A Brief History of Physician Self-Referral
The practice of “physician self-referrals” has undergone a number of regulations since 1989. Combined, these self-referral laws prohibit government-backed payments from Medicare and Medicaid when a physician refers any of ten “designated health services” (DHS) to an entity where the physician or his immediate family member has a financial relationship unless an exemption applies. Again, these laws pertain specifically to physicians.
In 1989 congress included a provision in the Omnibus Budget Reconciliation Act (OBRA 1989). This provision prohibited self-referrals for clinical laboratory services under the Medicare program, beginning January 1 of 1992. This provision was more popularly known as “Stark I”.
Again in 1993, Congress implemented The Omnibus Budget Reconciliation Act (OBRA 1993) and expanded this restriction to include a broader range of health services and applied it to both Medicare and Medicaid. This provision, often referred to as “Stark II”, specified more clearly the exceptions to the initial law.

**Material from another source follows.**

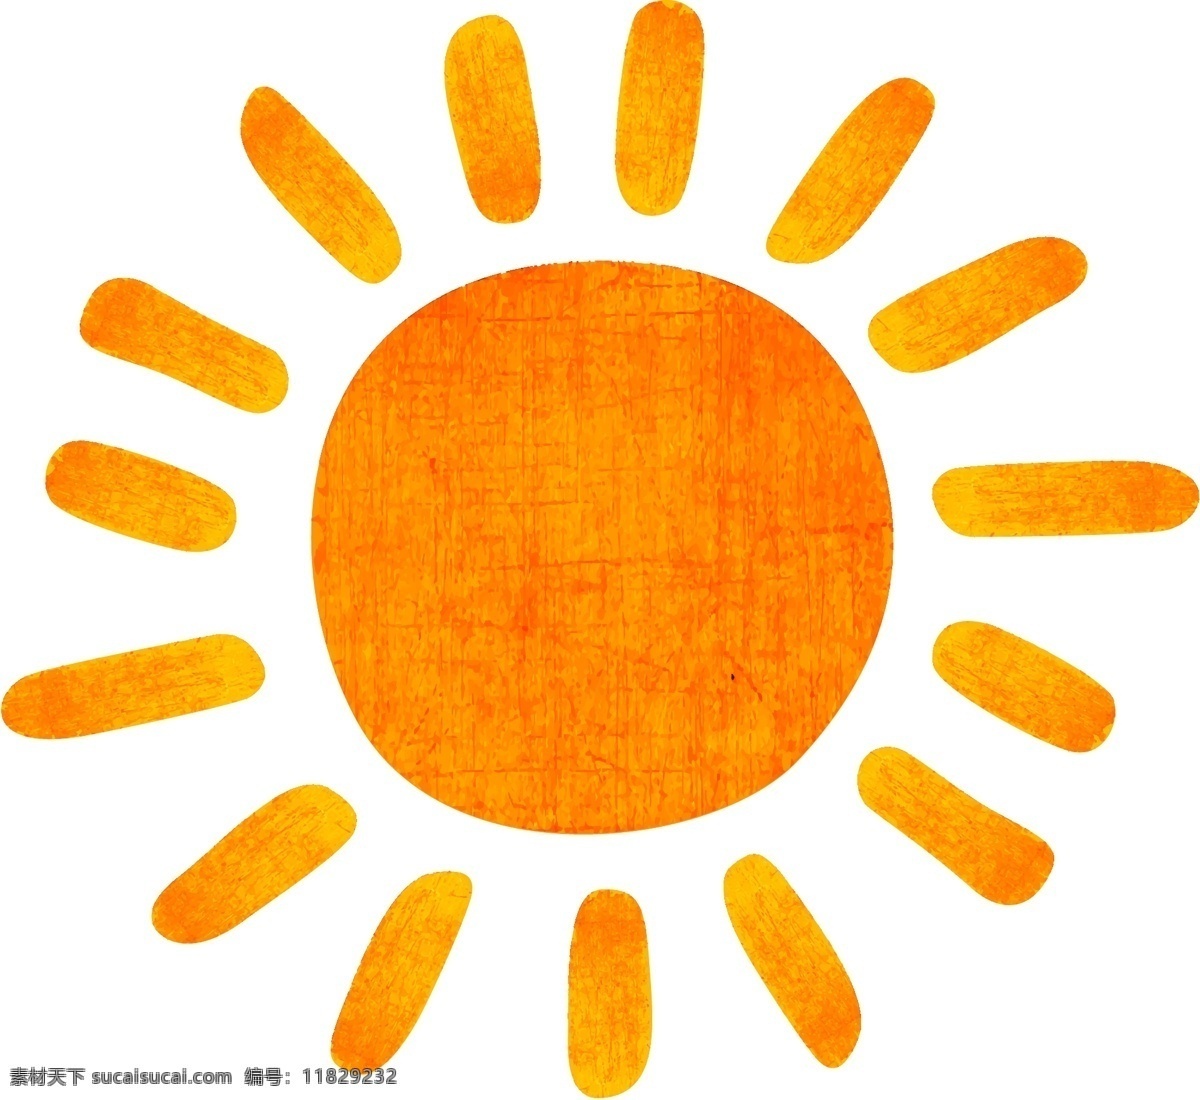 阳光 日光 红日 夏季 夏日 太阳 橙色太阳 手绘太阳 卡通太阳 手绘 矢量 矢量太阳 橙色 橘色 桔色 天空 夜空 月亮 自然景观

Exceptions to Stark I and Stark II
Both provisions were put into effect to prohibit the practice of physician self-referral. However, employees and contractors of physicians are exempt from this law when providing in-office ancillary services. Furthermore, physician employees or contractors are exempt from these provisions under the condition that their services are:
• supervised either by the referring physician or by a physician also belonging to the same group practice
• performed in a location where the referring or group physician provides non-DHS services; or in a centralized site used exclusively by the group for providing DHS
• billed by the physician overseeing the services, by a group practice to which the physician belongs, or by an entity that is owned entirely by such a physician or group practice
Additionally, certain financial relationships between an audiologist or speech-language pathologist and physician are protected as long as requirements outlined in the “safe harbor” regulations are adhered to.

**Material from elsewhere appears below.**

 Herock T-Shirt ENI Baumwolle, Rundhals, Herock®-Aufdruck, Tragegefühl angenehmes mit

The GAO and Physician Self-Referral
The U.S. Government Accountability Office (GAO) is an independent, nonpartisan agency that works for Congress, and is often referred to as the “congressional watchdog”. From 2010 to 2014, the GAO focused specifically on gathering data regarding this practice of physician self-referral. The resulting 4 reports examined services that included advanced imaging, radiation therapy, anatomic pathology and physical therapy. These GAO reports are the most recent audit of physicians who refer their patients to service facilities wherein these physicians (or an immediate family member) have a financial interest.
In February of 2015, the Journal of the American Medical Association published and article by Dr. Eli Y. Adashi, MD and MS and Robert P. Kocher, MD. This article shares the findings from the GAO’s reports, examines the topic of physician self-referral, considers the regulatory system in which it continues, and presents potential solutions to this challenge.
This recent attention on the topic suggests the importance for physicians and secondary businesses to familiarize themselves fully with these laws and provisions, and conduct themselves in full adherence to said laws.